Change-Id: I5660cafce05a0e3c6edff03bd645d8df329c5d50
author: Automerger Merge Worker <android-build-automerger-merge-worker@system.gserviceaccount.com> 2020-01-09 13:53:42 +0000
committer: Automerger Merge Worker <android-build-automerger-merge-worker@system.gserviceaccount.com> 2020-01-09 13:53:42 +0000
commit: 5b6d8d7724abad726227b62b87fdbed400fb1ae1 (patch)
tree: b9901c0f7fdccce27aad2579b2e4b772033b783f
parent: 929c2c5e1b388f34a235083ec358ecbb58dae532 (diff)
parent: 81db8d8a83dc6a52cb53ad2bcfa30b7acd591ad1 (diff)

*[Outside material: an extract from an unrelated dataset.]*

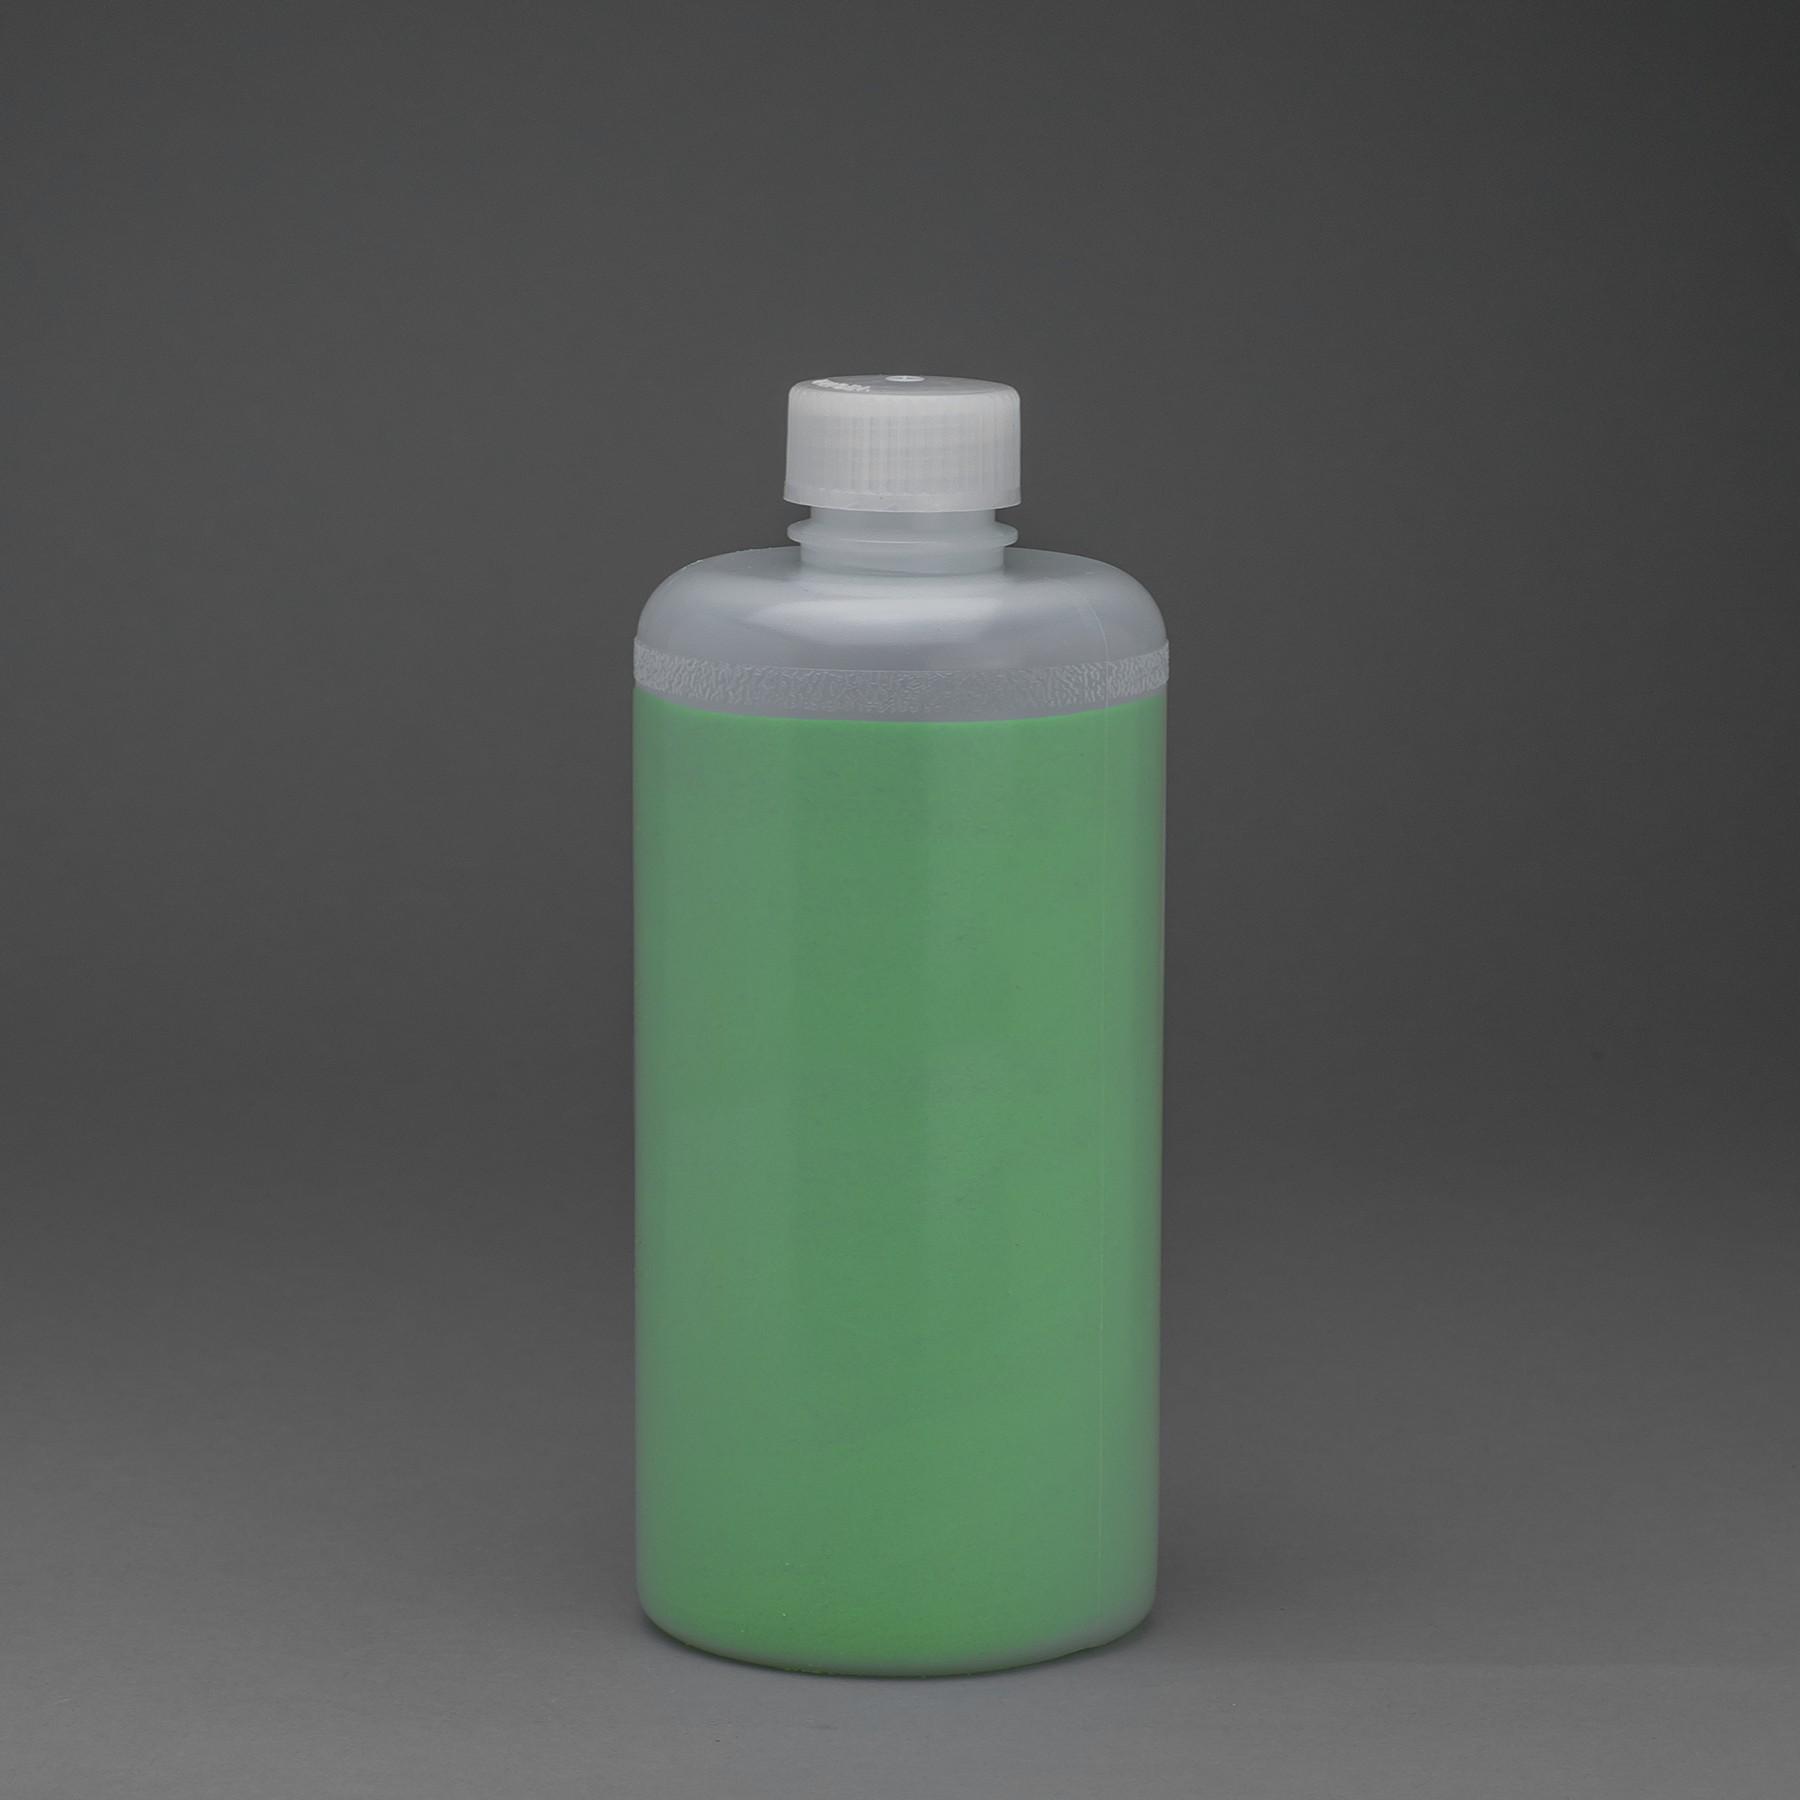 SP Bel-Art Precisionware Narrow-Mouth Low-Density Polyethylene Bottles; 500ml (16oz), Polypropylene Cap, 28mm Closure (Pack of 12)
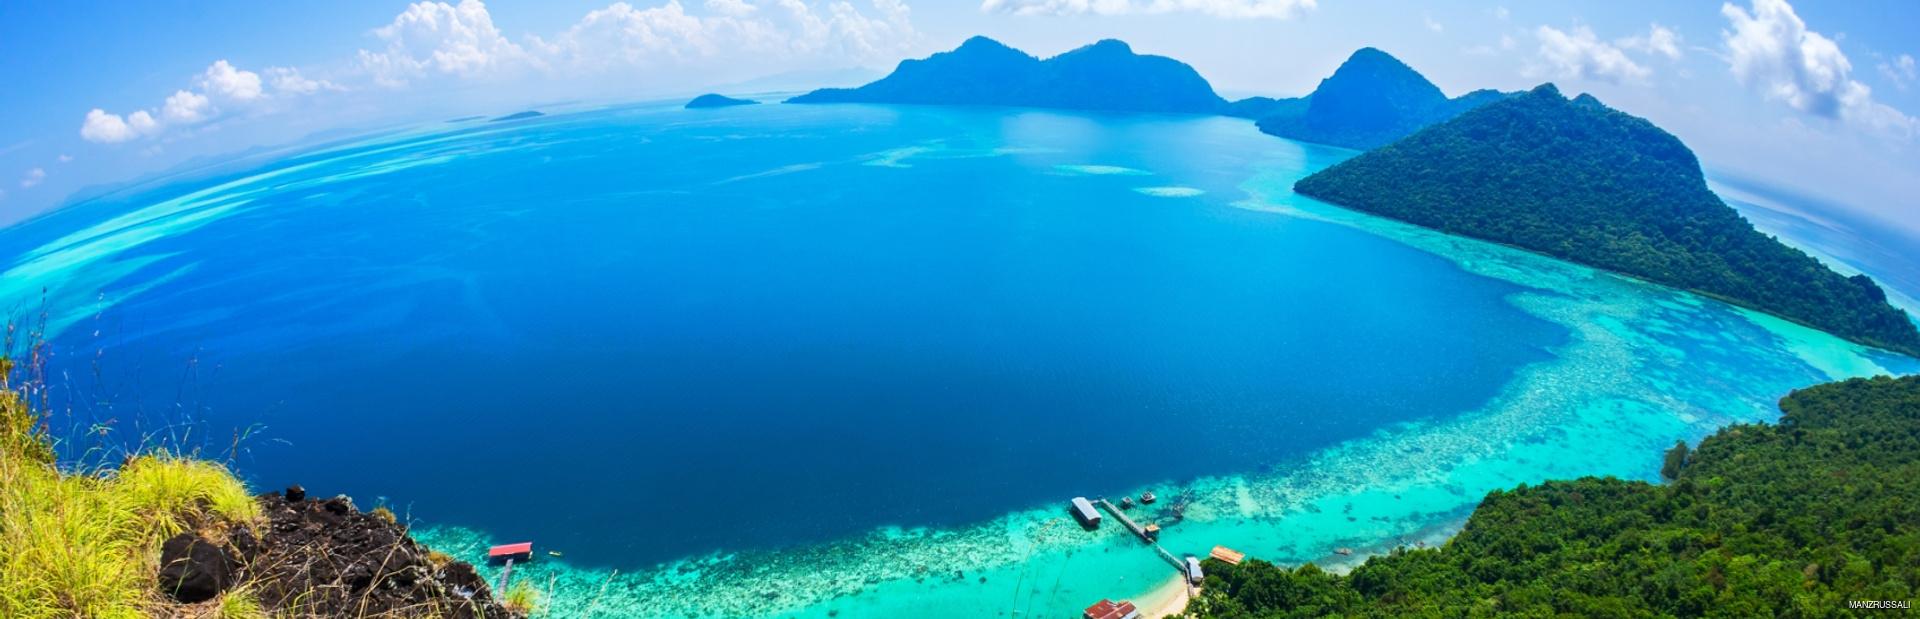 Green Malaysian coastline with hills and beautiful blue sea

download: base-5b6d8d7724abad726227b62b87fdbed400fb1ae1.tar.gz
1 files changed, 9 insertions, 8 deletions
diff --git a/services/core/java/com/android/server/connectivity/PermissionMonitor.java b/services/core/java/com/android/server/connectivity/PermissionMonitor.java
index e084ff827c09..57dbfd1e15bf 100644
--- a/services/core/java/com/android/server/connectivity/PermissionMonitor.java
+++ b/services/core/java/com/android/server/connectivity/PermissionMonitor.java
@@ -21,6 +21,7 @@ import static android.Manifest.permission.CONNECTIVITY_INTERNAL;
 import static android.Manifest.permission.CONNECTIVITY_USE_RESTRICTED_NETWORKS;
 import static android.content.pm.ApplicationInfo.FLAG_SYSTEM;
 import static android.content.pm.ApplicationInfo.FLAG_UPDATED_SYSTEM_APP;
+import static android.content.pm.PackageInfo.REQUESTED_PERMISSION_GRANTED;
 import static android.content.pm.PackageManager.GET_PERMISSIONS;
 
 import android.content.BroadcastReceiver;
@@ -39,6 +40,8 @@ import android.os.UserManager;
 import android.text.TextUtils;
 import android.util.Log;
 
+import com.android.internal.util.ArrayUtils;
+
 import java.util.ArrayList;
 import java.util.HashMap;
 import java.util.HashSet;
@@ -150,15 +153,13 @@ public class PermissionMonitor {
         update(mUsers, mApps, true);
     }
 
-    private boolean hasPermission(PackageInfo app, String permission) {
-        if (app.requestedPermissions != null) {
-            for (String p : app.requestedPermissions) {
-                if (permission.equals(p)) {
-                    return true;
-                }
-            }
+    private boolean hasPermission(final PackageInfo app, final String permission) {
+        if (app.requestedPermissions == null || app.requestedPermissionsFlags == null) {
+            return false;
         }
-        return false;
+        final int index = ArrayUtils.indexOf(app.requestedPermissions, permission);
+        if (index < 0 || index >= app.requestedPermissionsFlags.length) return false;
+        return (app.requestedPermissionsFlags[index] & REQUESTED_PERMISSION_GRANTED) != 0;
     }
 
     private boolean hasNetworkPermission(PackageInfo app) {
author	Automerger Merge Worker <android-build-automerger-merge-worker@system.gserviceaccount.com>	2020-01-09 13:53:42 +0000
committer	Automerger Merge Worker <android-build-automerger-merge-worker@system.gserviceaccount.com>	2020-01-09 13:53:42 +0000
commit	5b6d8d7724abad726227b62b87fdbed400fb1ae1 (patch)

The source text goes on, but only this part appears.